As I've written before, the wonderful suite we were in was a balm to my nerves. The staff understood me as well as my own doctors in many ways. The thing I needed most was to be left alone in quiet and comfort. Over our ten day stay, they managed to make me feel welcome. Despite being in a strange place, I started to sleep and I recovered from the frantics. Finally, someone assaulted me in my fortress. It was a paperwork mistake where an insurance subcontractor could only approve hotel stays in five day increments. My adjuster could have handled this personally with a quick phone call but he was busy helping people deal with the freak tornado that hit Delaware and caused some damage. I didn't know about this so I was angry with his lack of attention.

In the process of straightening out this simple mistake, I learned of the real crisis. I've written too much here about the eventual battles with my parents and what actually happened didn't apply. I was forced to deal with what might have happened. I was forced to deal with a potential Armageddon that would start on the same day we left the hotel. I hadn't been able to recover fully from my previous shock so I found myself flipping out. Sleep was the first thing to go.

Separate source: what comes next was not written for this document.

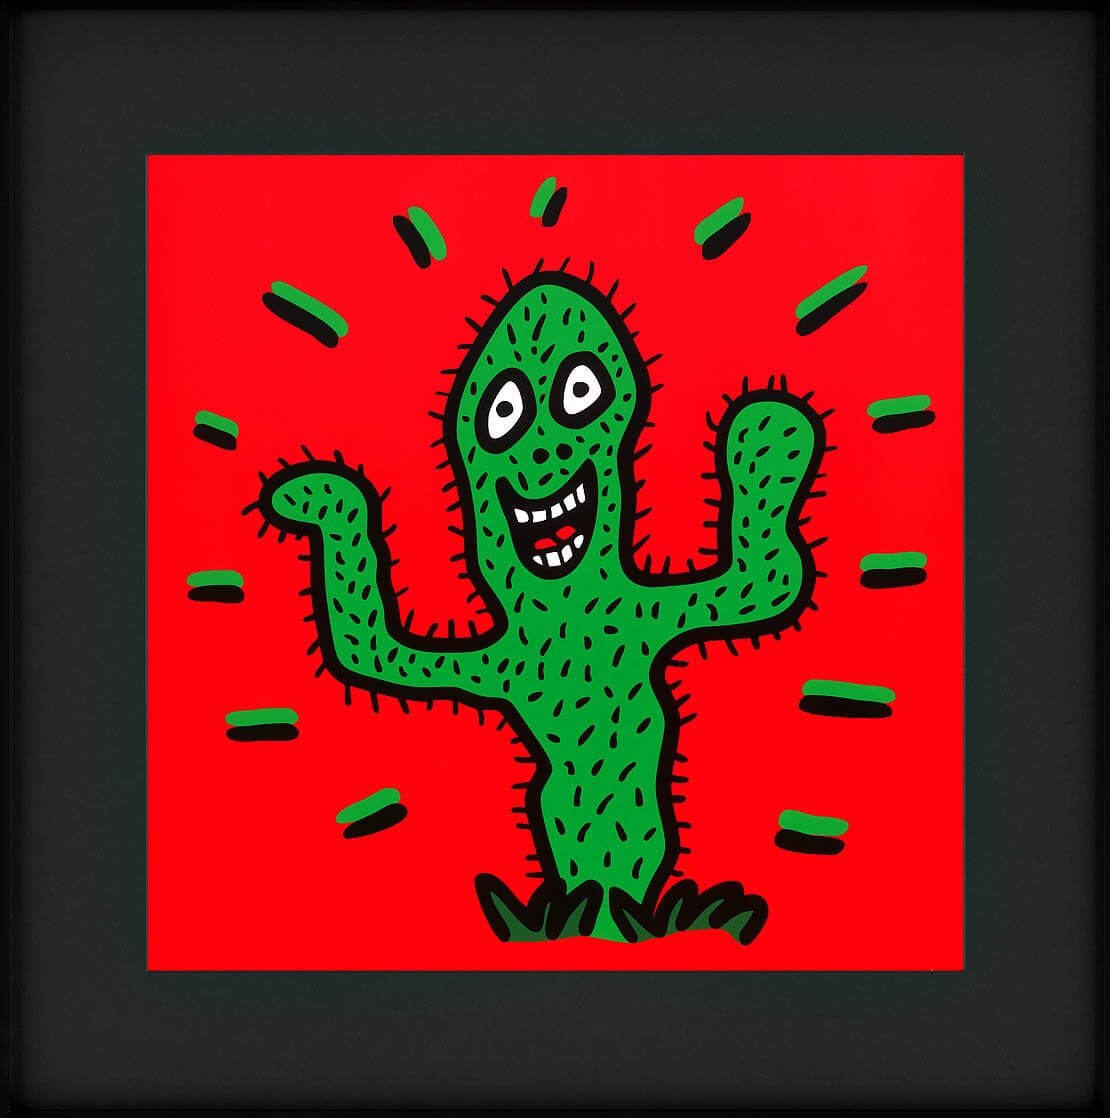 James Rizzi: Icon Cactus

As things worked out, I spent my days trying to heal or, at least, mitigate the damage I was suffering. At night, Melissa and I worked together in a desperate attempt to do the impossible. We found ourselves trying to deal with the crisis of potential homelessness that could start in a few days. There was no time for sleep in my frantic mind. All of my pain control methods stopped working because they all require relaxation. Breakfast was the key to the entire day. The staff made us as comfortable as they could including one friend I wish I had managed to tip better praying with us. We survived right on the edge of a big breakdown because we had each other and because of that staff.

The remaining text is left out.